** Opening Dataset entries block **

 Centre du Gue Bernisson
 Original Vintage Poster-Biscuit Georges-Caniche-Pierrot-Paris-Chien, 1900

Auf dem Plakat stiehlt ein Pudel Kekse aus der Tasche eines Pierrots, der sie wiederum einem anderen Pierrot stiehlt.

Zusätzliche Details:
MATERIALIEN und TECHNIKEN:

** Closing Dataset entries block **
** Opening Dataset entries block **

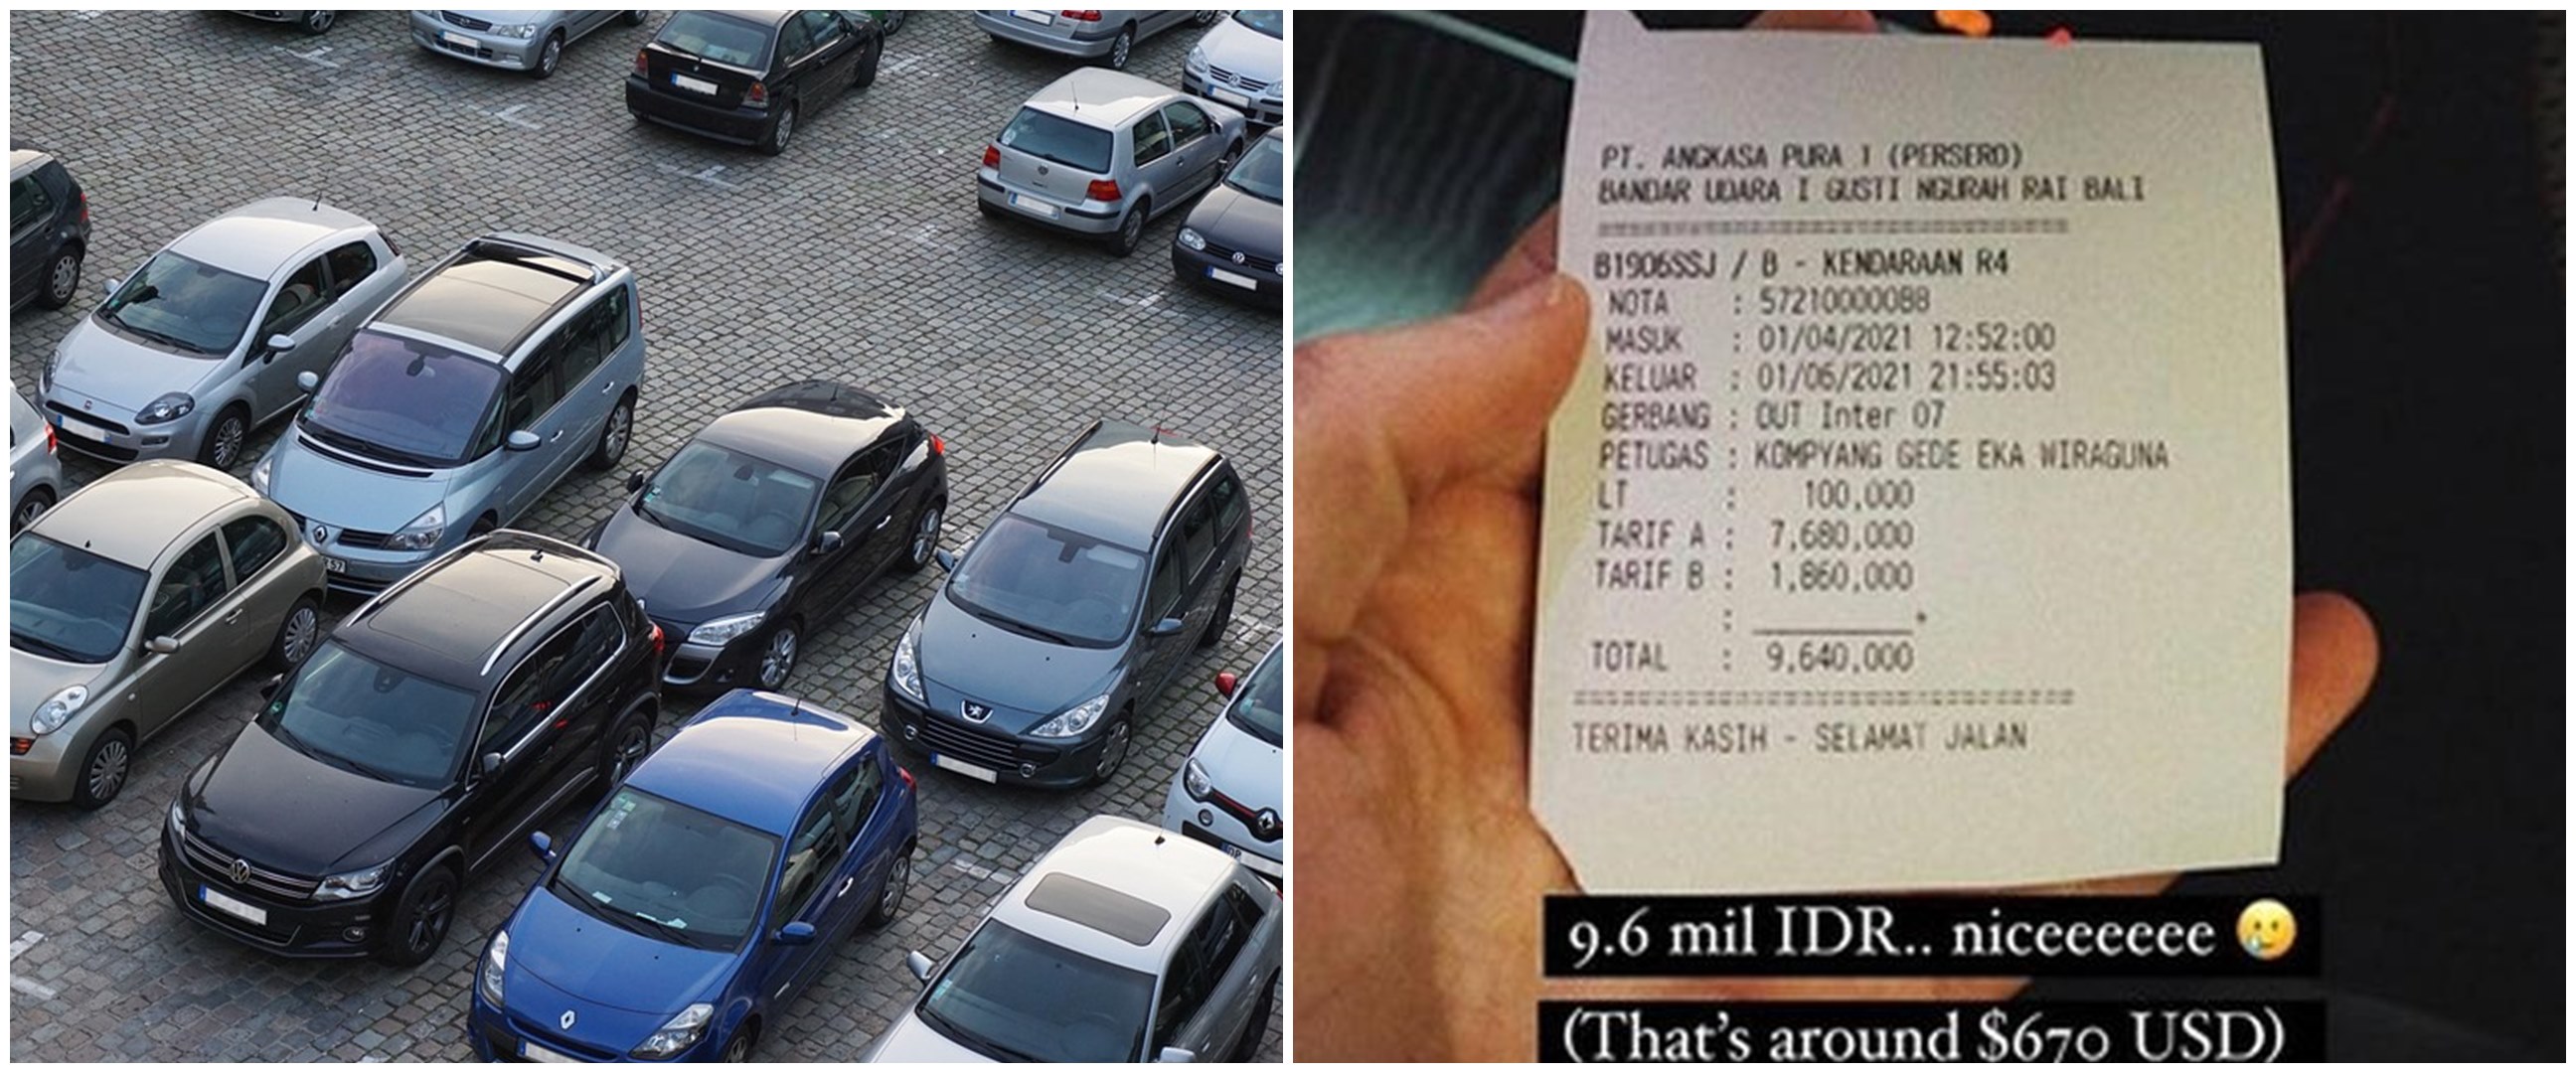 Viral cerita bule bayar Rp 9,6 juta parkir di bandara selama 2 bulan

** Closing Dataset entries block **
** Opening Dataset entries block **

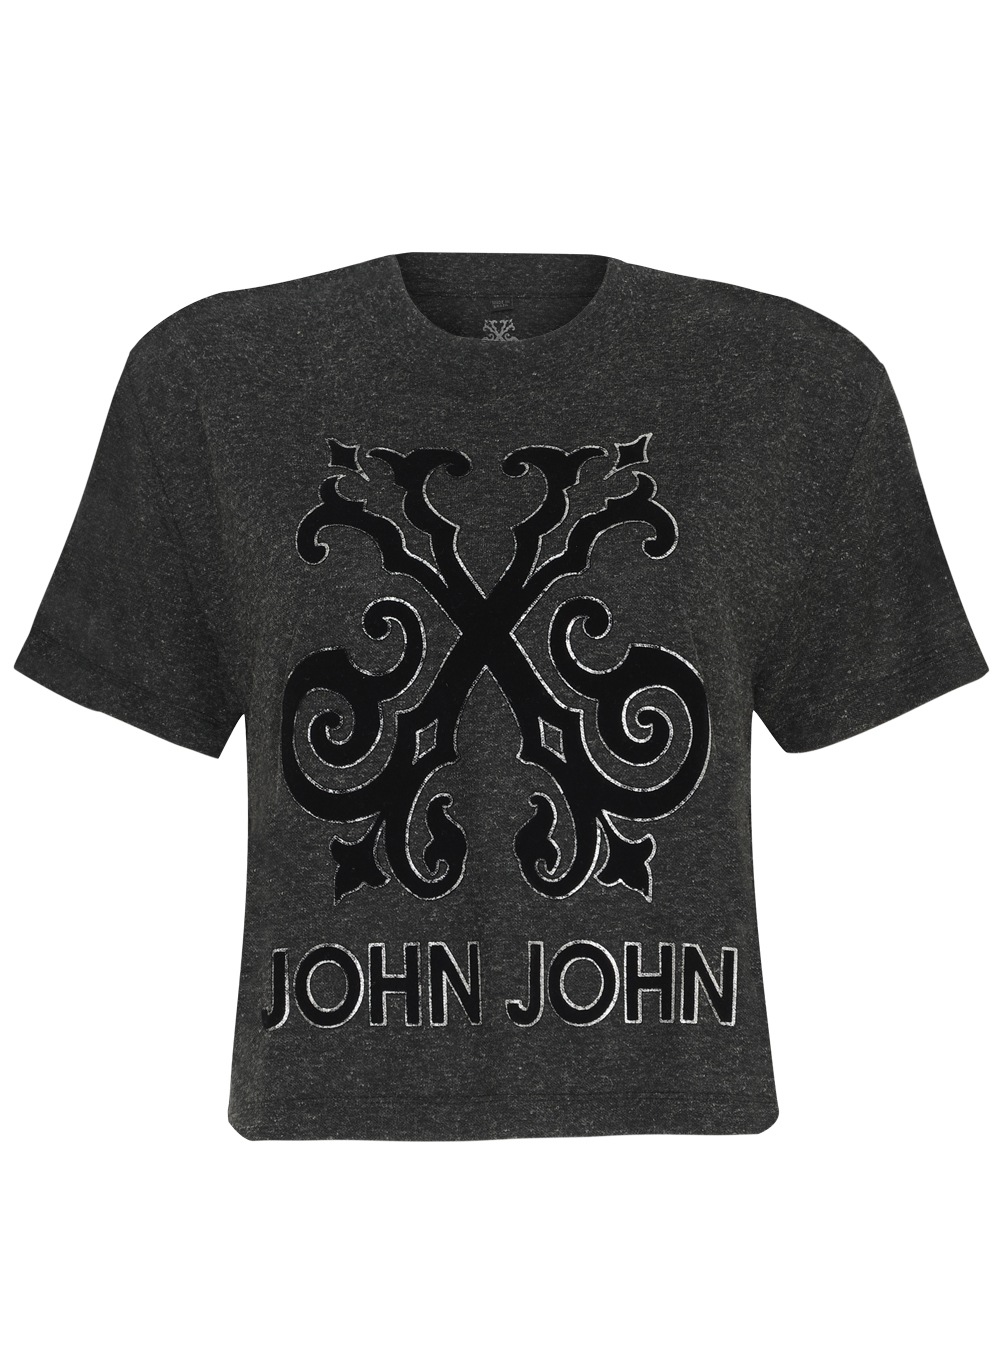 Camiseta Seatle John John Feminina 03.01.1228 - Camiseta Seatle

** Closing Dataset entries block **

» **Exercise**:
Copy down each line in the entries that has the word "Pierrot".

» **Answer to this task**:
 Original Vintage Poster-Biscuit Georges-Caniche-Pierrot-Paris-Chien, 1900
Auf dem Plakat stiehlt ein Pudel Kekse aus der Tasche eines Pierrots, der sie wiederum einem anderen Pierrot stiehlt.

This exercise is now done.